The contract has fallen below its 21 day SMA trend line along with other technical indicators exhibiting a bearish tone.

Meanwhile, open interest was increasing in the next month May contract to 1.16 lakh bales, higher 22 percent over the week amid 1.5 percent decline in price to Rs 20,860/bale indicating short build up.

Expect lower levels 20,360-19,510 and retracement levels to be tested with volatility.The retracement levels of the rise from 18,270 to 21,650 are placed at 20,381-19,985-19,619.



DOMESTIC SPOT MARKET:

Spot cotton market was volatile in the week ended April 7 in bleak trade activity amid weak trend on the futures market.

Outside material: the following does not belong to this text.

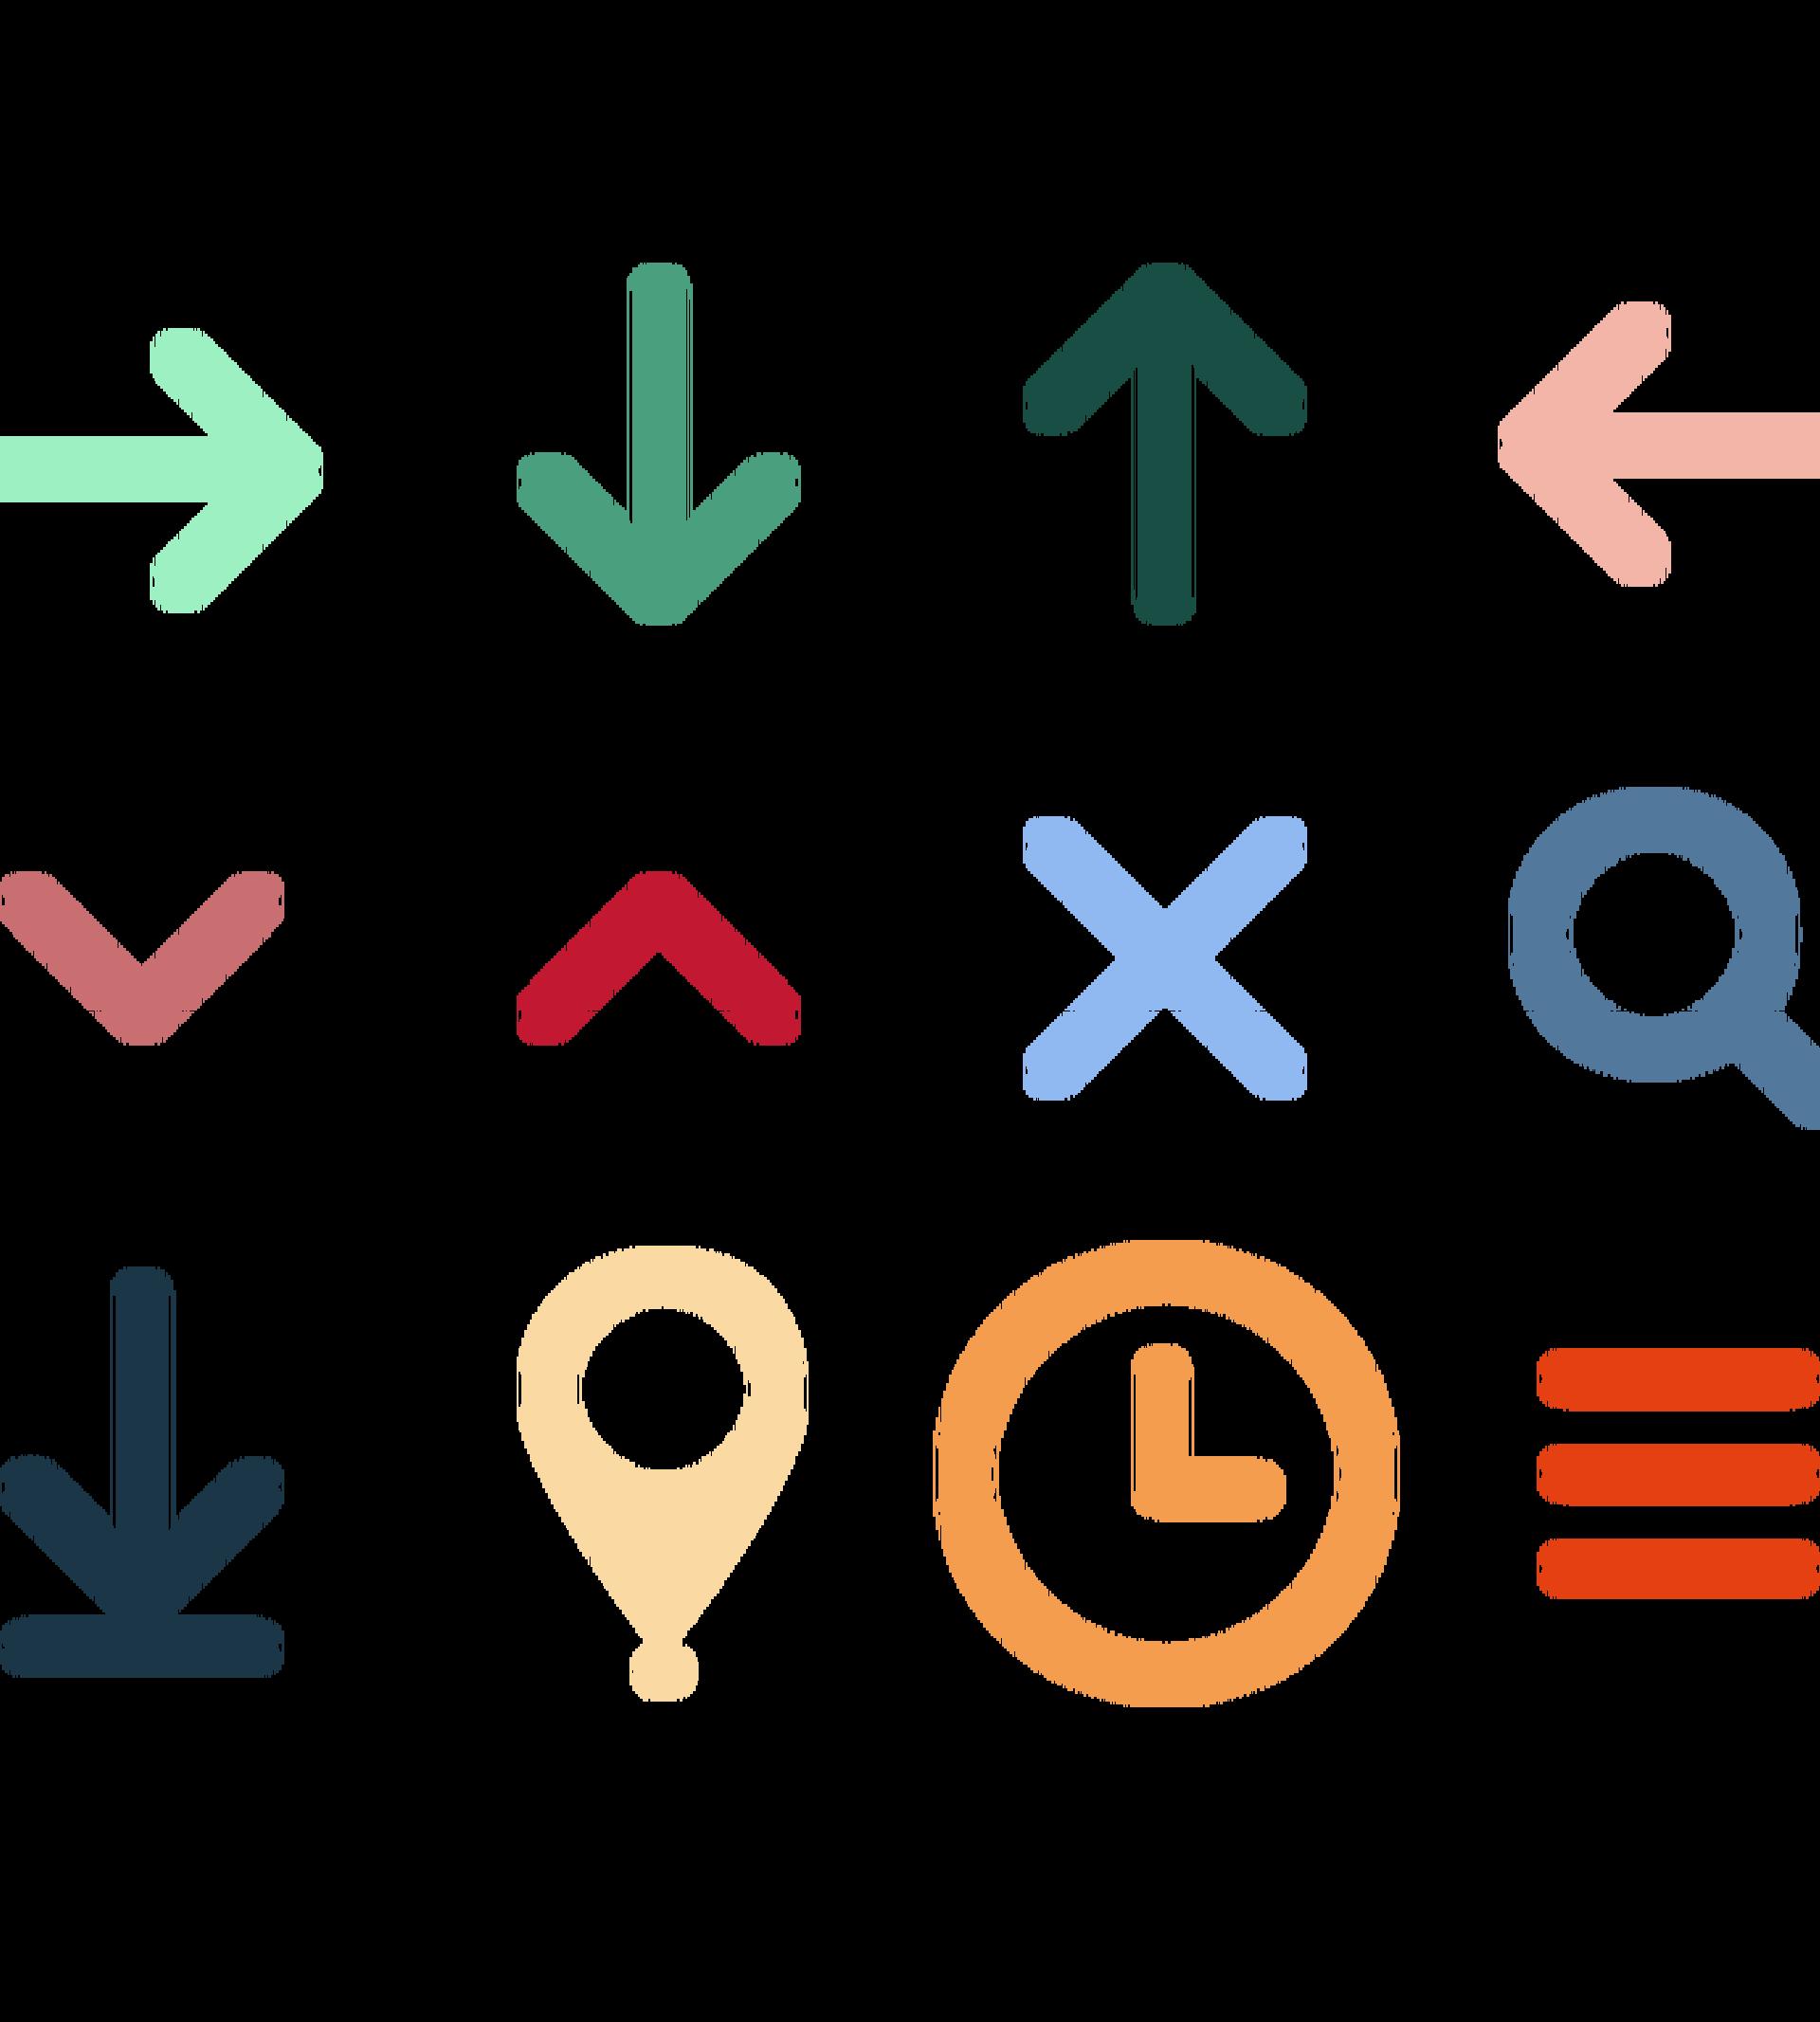 Exempel på ikoner i olika färger från nationalmuseum.se

The market began the week jumping nearly Rs 1000/candy with prices registering a fresh season high in North India at Rs 46,550/candy(4,875/maund). However, as the week progressed, lackluster demand coupled with weakness in futures market weighed on the spot market as it ended on a bearish side losing nearly Rs 600-800/candy to average in the price band of Rs 38,000-45,500/candy on Friday.





The week on week comparison showed a mixed trend with average prices marginally lower in some markets of Central India while continued to remain higher in North India and South India.

The Gujarat Shankar 6 A Grade cotton was marginally lower 0.4 percent to Rs 44,425/candy compared to Rs 44,610/candy in the last week.

Meanwhile, prices in the North Indian market was higher 1.2 percent to Rs 44,950-45,950/candy(4,710-4,820/maund) as it was the fag end of the supply season which provided the fundamental support during the week.

The Maharashtra 30mm prices increased 0.7 percent to average Rs 44,700/candy from Rs 44,400/candy in the previous week.

As the supply season reaching its fag end in most regions, the country has received arrvials of nearly 80-85 percent of the total estimated crop. As per the data collated from market sources, arrivals for the week (April 3-7) fell 28 percent to 3 lakh bales from 4.17 lakh bales in the prior week (March 27-31) with the average daily arrivals at 0.75 lakh bales. The market was celebrating ‘Ram Navami’ on Tue-Wed (April 4-5) whereby no arrivals were recorded on Tuesday.

Meanwhile, surging rupee against dollar since past one month has made impoerts more lucrative which may cap further gains in spot prices. Rupee against dollar registered a fresh 20 month high on Friday at 64.28 mainly due to on-going geopolitical issue.


With nearly 15 lakh bales contracted and quotations of Australian cotton ranging between 90-93 cents depending on the staple length, mills may likely be inclined to import more cotton during May-July period pressuring domestic spot price.

Meanwhile, due to sluggish arrivals and lower quality stock arriving in the market, some mills preferred to procure cotton from MNCs with quotations ranging between Rs 45,500-46,700/candy deliverable during the month of May.

Observing the market trend in past few weeks, it seems to be holding key resistance level of Rs 46,500/candy.

Conclusion:

The domestic market witnessed another round of sluggish trade activity with prices weighed down by lackluster demand and strengthening rupee. It seems like the spot market is holding below the key resistance level of Rs 46,500/candy.

Meanwhile, the current prices were on the premium side by 2 cents to Cotlook Index A at 85.6 cents/lb while was much higher compared to US cotton which was at 70.97 (average spot quotation) and futures was at 73.38 as of April 7 which would incline interest towards importing more cotton.

At present, The spot market was in backwardation by 3.45 percent compared to future prices of April and May indicating that spot prices may weaken in the short to medium term. Adding to the bearish sentiment was the premium price of domestic cotton over the international cotton.